RECORD EXCERPTS Block Start

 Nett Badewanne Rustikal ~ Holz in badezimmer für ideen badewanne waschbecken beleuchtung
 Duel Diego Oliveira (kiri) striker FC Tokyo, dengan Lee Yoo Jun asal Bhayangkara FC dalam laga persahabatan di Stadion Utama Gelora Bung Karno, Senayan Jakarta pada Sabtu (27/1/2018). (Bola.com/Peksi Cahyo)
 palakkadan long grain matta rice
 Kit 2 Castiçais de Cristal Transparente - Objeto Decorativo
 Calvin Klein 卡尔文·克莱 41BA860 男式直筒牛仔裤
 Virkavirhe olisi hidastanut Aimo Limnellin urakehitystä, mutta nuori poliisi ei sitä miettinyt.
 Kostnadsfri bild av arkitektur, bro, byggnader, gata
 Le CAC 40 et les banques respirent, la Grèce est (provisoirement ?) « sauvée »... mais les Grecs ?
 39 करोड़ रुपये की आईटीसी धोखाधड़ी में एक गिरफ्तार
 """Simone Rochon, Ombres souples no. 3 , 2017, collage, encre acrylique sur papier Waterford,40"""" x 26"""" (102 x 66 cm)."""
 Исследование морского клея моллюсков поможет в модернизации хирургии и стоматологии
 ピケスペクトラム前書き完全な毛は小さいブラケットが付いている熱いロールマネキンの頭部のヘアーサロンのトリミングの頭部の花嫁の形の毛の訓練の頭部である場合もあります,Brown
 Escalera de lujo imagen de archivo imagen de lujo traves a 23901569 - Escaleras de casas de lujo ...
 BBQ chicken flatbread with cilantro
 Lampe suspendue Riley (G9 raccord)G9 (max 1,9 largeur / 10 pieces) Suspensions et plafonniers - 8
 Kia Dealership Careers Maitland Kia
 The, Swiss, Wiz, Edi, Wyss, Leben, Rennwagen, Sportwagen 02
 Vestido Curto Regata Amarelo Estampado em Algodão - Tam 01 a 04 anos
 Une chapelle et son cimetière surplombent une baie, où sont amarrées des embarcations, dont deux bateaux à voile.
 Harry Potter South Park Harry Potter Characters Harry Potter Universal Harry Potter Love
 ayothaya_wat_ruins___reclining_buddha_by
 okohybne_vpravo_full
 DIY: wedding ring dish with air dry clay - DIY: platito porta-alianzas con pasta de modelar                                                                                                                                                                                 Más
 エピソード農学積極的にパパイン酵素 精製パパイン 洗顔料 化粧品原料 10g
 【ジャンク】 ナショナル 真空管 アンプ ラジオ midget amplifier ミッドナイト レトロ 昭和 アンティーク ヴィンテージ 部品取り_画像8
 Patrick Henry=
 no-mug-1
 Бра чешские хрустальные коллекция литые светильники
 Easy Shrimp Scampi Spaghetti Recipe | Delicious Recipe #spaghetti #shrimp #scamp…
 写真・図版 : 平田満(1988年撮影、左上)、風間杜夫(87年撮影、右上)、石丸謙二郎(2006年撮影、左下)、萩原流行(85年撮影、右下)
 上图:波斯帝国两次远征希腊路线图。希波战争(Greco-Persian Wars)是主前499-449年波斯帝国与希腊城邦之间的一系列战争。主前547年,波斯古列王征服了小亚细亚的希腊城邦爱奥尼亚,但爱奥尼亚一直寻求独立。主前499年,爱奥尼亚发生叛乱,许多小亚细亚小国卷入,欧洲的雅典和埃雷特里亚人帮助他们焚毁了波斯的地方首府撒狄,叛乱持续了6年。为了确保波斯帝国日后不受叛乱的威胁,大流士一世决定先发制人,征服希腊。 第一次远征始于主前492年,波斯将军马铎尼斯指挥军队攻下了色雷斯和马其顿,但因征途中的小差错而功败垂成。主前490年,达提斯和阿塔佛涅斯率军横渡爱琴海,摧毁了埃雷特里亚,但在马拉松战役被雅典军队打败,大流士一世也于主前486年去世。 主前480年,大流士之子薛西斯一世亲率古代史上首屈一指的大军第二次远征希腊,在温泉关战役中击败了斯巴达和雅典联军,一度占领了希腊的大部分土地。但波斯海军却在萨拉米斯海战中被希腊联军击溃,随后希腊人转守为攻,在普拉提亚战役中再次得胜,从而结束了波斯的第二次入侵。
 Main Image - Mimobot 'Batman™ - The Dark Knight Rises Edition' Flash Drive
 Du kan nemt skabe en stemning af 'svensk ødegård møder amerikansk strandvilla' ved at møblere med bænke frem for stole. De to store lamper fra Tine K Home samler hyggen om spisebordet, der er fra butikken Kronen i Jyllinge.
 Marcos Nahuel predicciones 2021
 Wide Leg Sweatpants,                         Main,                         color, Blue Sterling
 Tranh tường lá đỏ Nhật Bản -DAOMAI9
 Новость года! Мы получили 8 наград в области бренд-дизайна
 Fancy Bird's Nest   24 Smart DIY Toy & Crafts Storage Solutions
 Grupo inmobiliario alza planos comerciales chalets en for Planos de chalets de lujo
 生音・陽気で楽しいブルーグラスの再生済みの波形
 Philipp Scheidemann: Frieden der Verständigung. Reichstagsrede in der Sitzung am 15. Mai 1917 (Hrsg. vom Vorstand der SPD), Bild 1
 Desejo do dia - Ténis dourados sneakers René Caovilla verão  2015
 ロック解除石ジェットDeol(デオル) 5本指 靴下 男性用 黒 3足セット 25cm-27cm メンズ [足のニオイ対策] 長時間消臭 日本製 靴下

RECORD EXCERPTS Block End

TASK TO CARRY OUT » Please make an exact copy of the lines above from the line with "DIY: wedding ring" through the line with "Бра чешские хрустальные", both ends included.

RESPONSE TO THE TASK »
 DIY: wedding ring dish with air dry clay - DIY: platito porta-alianzas con pasta de modelar                                                                                                                                                                                 Más
 エピソード農学積極的にパパイン酵素 精製パパイン 洗顔料 化粧品原料 10g
 【ジャンク】 ナショナル 真空管 アンプ ラジオ midget amplifier ミッドナイト レトロ 昭和 アンティーク ヴィンテージ 部品取り_画像8
 Patrick Henry=
 no-mug-1
 Бра чешские хрустальные коллекция литые светильники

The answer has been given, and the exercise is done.